Nijmegen breakage syndrome-like disorder (NBSLD)

Waltes et al. identified compound heterozygosity for mutations in the RAD50 gene from NBS-like phenotype patients. The mutations were a combination of a nonsense mutation and a mutation that produces a larger polypeptide than the wild type. As a result, it produces a low level of unstable RAD50 protein, presumably a hypomorphic mutation. Patients exhibit microcephaly, mild mental retardation, and mild ataxia. However, patients with NBSLD reportedly show neither immunodeficiency nor predisposition to cancer, although further study is needed. Cells from NBSLD patients exhibit moderately increased radiosensitivity and chromosomal rearrangements involving TCR and Ig loci. [9].

Ataxia telangiectasia-like disorder (ATLD)

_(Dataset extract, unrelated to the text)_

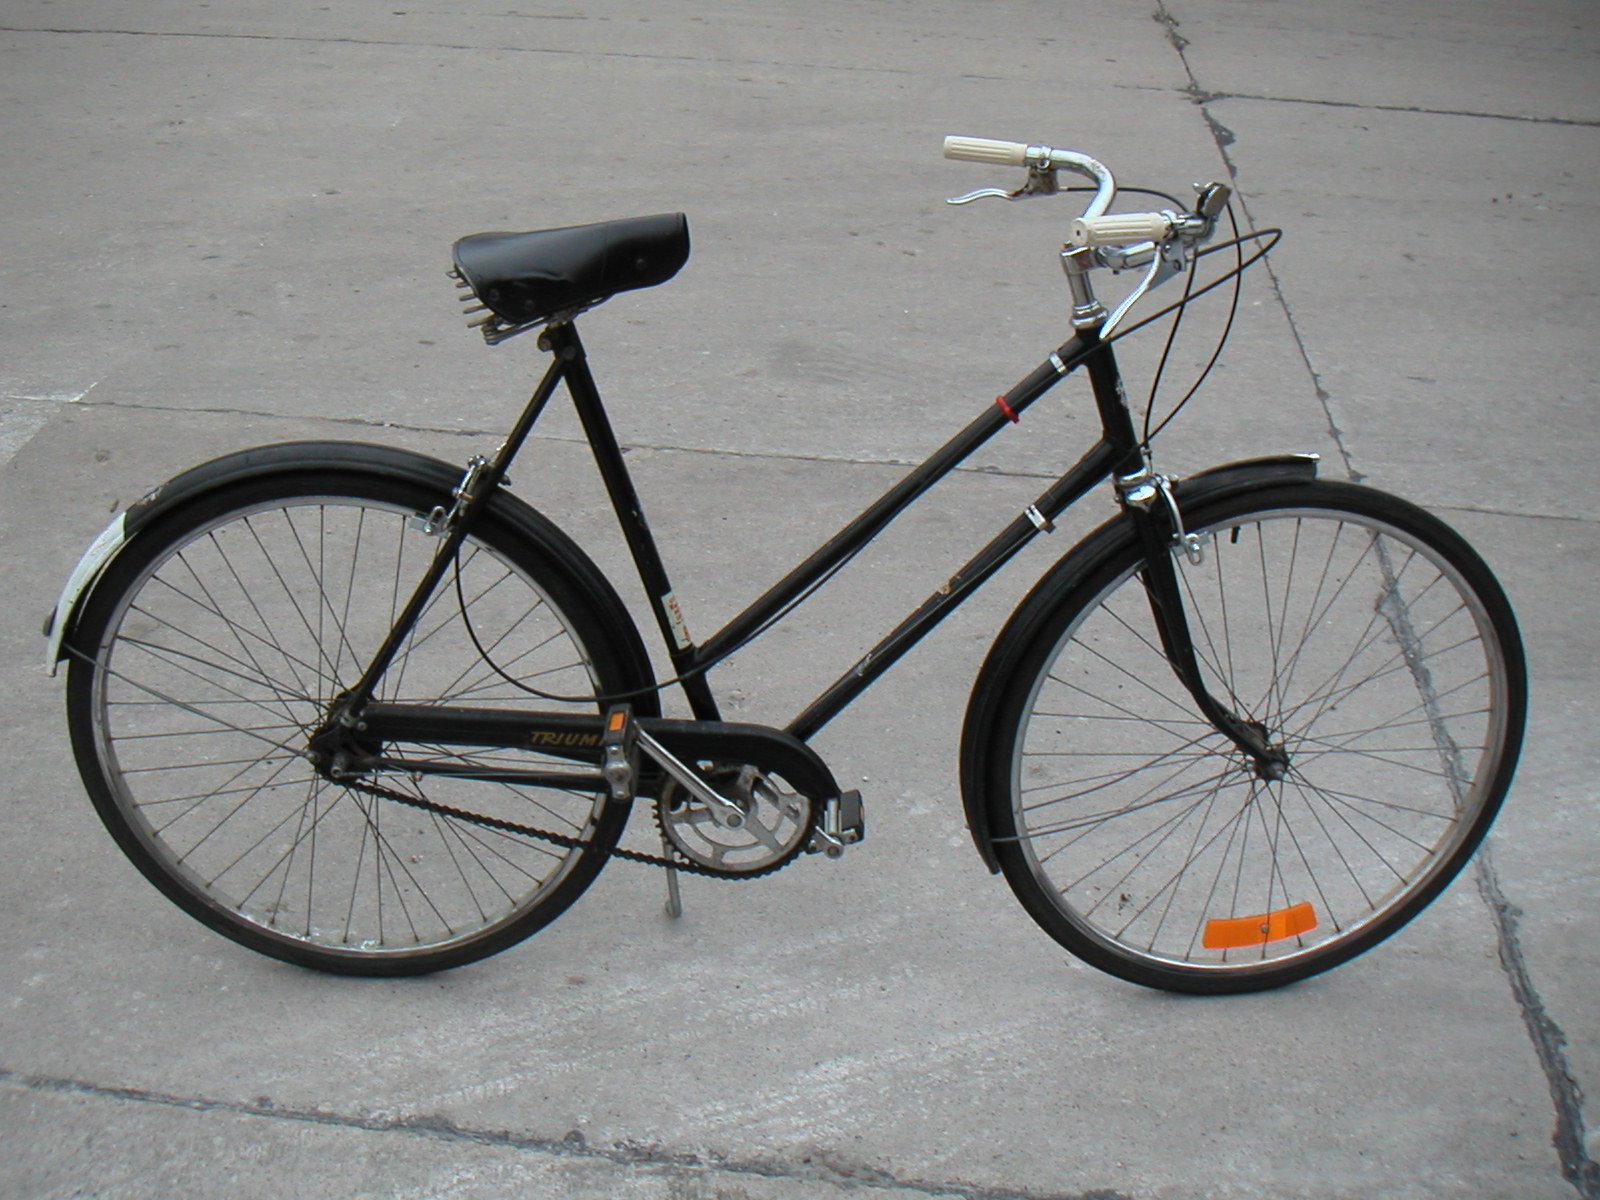 ข้อมูลเพิ่มเติมของ แฮนด์ จักรยานสแตนดาร์ด จักรยานวินเทจ แฮนด์หนวด ทรงโค้งเข้าหาตัว ทรงคลาสสิค

Mutation in the MRE11A gene was identified from a clinically diagnosed AT-like patient. Clinical features are much milder than AT, and the symptoms appear much more slowly than in AT. The appearance of ataxia, for example, is much later than AT, and telangiectasia and increased alpha-fetoprotein are absent. Although immunoglobulin levels are almost normal, the generation of specific functional antibodies is attenuated [24]. It has been thought that ATLD patients do not exhibit predisposition to cancer, but we have identified a Japanese ATLD family who developed lung cancer [25]. An original report described ATLD as a milder phenotype of AT. However, a more severe phenotype including microcephaly or NBS-like dimorphic features has been reported [25, 26]. MRE11A mutation affects M/R/N complex stability, and decreased NBS1 and/or RAD50 is observed. Residual activity of NBS1 and/or RAD50 may affect the difference in phenotypes. The cellular biological features are the same as in AT, including increased radiosensitivity and an increased level of spontaneously occurring chromosome aberrations involving the TCR or Ig region.

RIDDLE syndrome

RIDDLE syndrome is named after its clinical features, including increased radiosensitivity, immunodeficiency, dysmorphic features, and learning difficulties. Patients exhibit ataxia, telangiectasia, growth retardation, and microcephaly [8]. The gene responsible for RIDDLE syndrome is RNF168 [7]. Patients carry compound heterozygous nonsense mutations in the RNF168 gene, resulting in aberrant RNF168 proteins. RNF168 is a ubiquitin ligase, and RNF168-dependent chromatin modifications orchestrate the accumulation of 53BP1 and BRCA1 to DNA lesions; their loss is the likely cause of the cellular and developmental phenotypes associated with RIDDLE syndrome. Cellular biological features include inability to recruit 53BP1 to sites of DNA double-strand breaks, moderately increased radiosensitivity, and dysregulation of cell cycle checkpoints after irradiation.

Severe combined immunodeficiency (SCID)

SCID is an immunodeficiency in which both B cell and T cell functions are impaired due to defects in one of several possible genes. One of the genes responsible for SCID is the gene encoding the common gamma chain (γc), shared by receptors for interleukins such as IL-2, IL-7, and IL-15. Attenuation of NHEJ during VDJ recombination also leads to SCID development. The molecules involved in NHEJ are known to be LIG4, Artemis (DCLRE1C), XLF/Cernunnos (NHEJ1), and DNA-PKcs (PKRDC) [5]. Although all of the mutated genes are directly responsible for SCID development, the phenotypes differ according to the gene responsible. Only LIG4-deficient and XLF/Cernunnos-deficient SCID exhibits microcephaly and growth retardation.